Timothy Kimani, clearing and forwarding director of Siginon Freight Ltd, says that ships are reluctant to call at the port of Mombasa, and security is one of the major reasons why.

“The surcharges were not there before the piracy started. If you are a big importer bringing in about 6,000 containers every other month, you can see the impact,” he says. “The extra fees pay for security on board the ship, marine patrols and other efforts to prevent hijackings.”

A new report says that international shipping companies are paying more than $50 million a month for security on board their ships plying the coastal waters off the Somalia coast.

Shipping companies pay roughly $5,000 a day for a four-man armed team, on duty for four to 20 days to protect their vessels in the vital waters off the East African coast and through the Gulf of Aden.

More than a third of the world’s traded goods cross the East African coast, the stretch of sea most vulnerable to Somali pirates. A sizeable percentage of cargo comprises oil from the Middle East, particularly Saudi Arabia and Iran.

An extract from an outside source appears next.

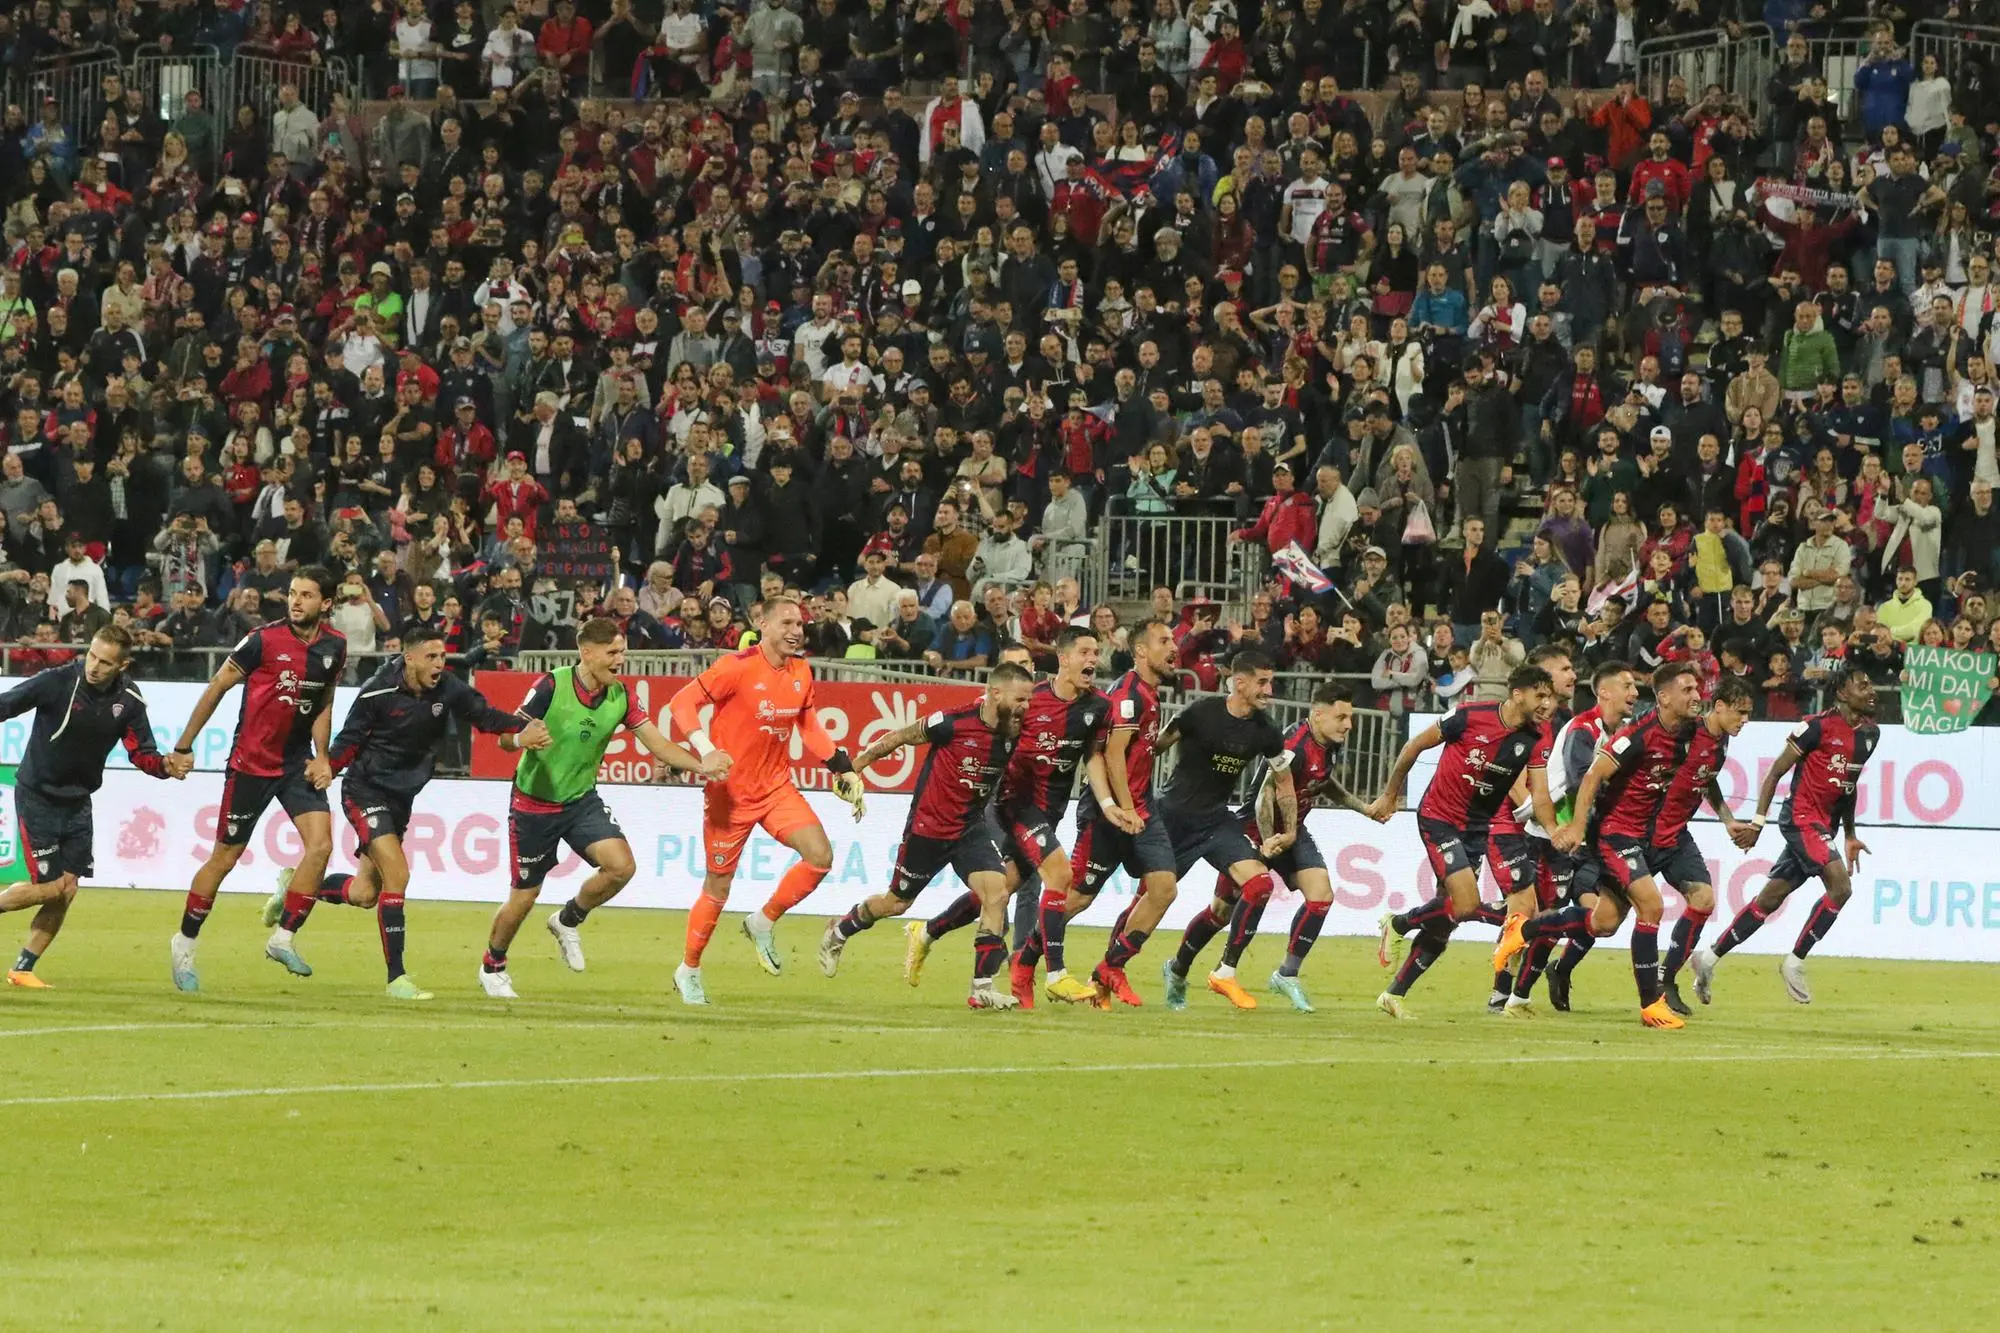 Il giocatori del Cagliari salutano i tifosi dopo una vittoria casalinga

According to the Security Association for the Maritime Industry, which represents 120 armed security outfits, more than half of which are British, many ships now employ private security companies as protection and this fledgling industry pulls in $52.2 million a month from an estimated 1,500 escorted journeys.

The vast majority of the estimated $7 billion spent last year in combating piracy was related to recurring costs associated with the protection of vessels — costs which must be repeated each year. This is in sharp contrast to the $38 million spent for prosecution, imprisonment, and building regional and Somali capacity to fight piracy. Average ransoms increased 25 per cent from approximately $4 million in 2010 to $5 million in 2011. Although the total cost for ransoms was $160 million for 2011, money collected by pirates represents a mere two per cent of the total economic cost.

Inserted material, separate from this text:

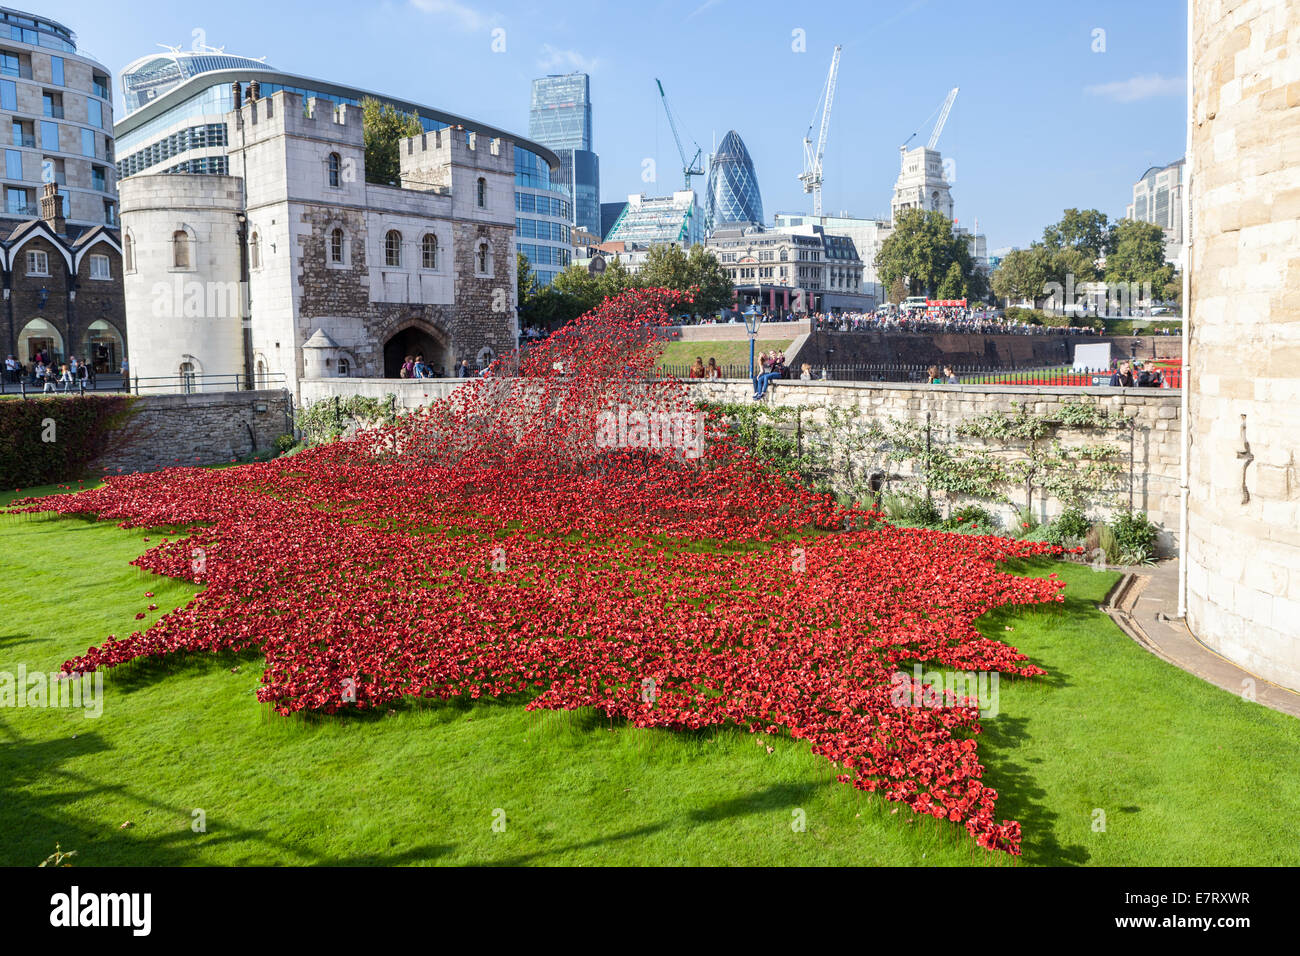 Coquelicots rouges en céramique créer un 'champ du sang' pour commémorer le centenaire de la première guerre mondiale à la Tour de Londres. Banque D'Images

“The human cost of piracy cannot be defined in economic terms,” said Anna Bowden, the report’s author. “We do note with great concern that there were a significant number of piracy-related deaths, hostages taken, and seafarers subject to traumatic armed attacks in 2011. This happened in spite of the success of armed guards and military action in the later part of the year.”

However, there are signs that efforts by the shipping industry and governments to combat the threat are having an impact. According to a report by the One Earth Future Foundation, the number of hijackings attributed to Somali pirates fell 36 per cent last year.
There were a record 237 attacks – up from 212 in 2010 – during 2011 but the proportion of successful attacks fell – only 28 vessels were captured, compared with 44 in 2010.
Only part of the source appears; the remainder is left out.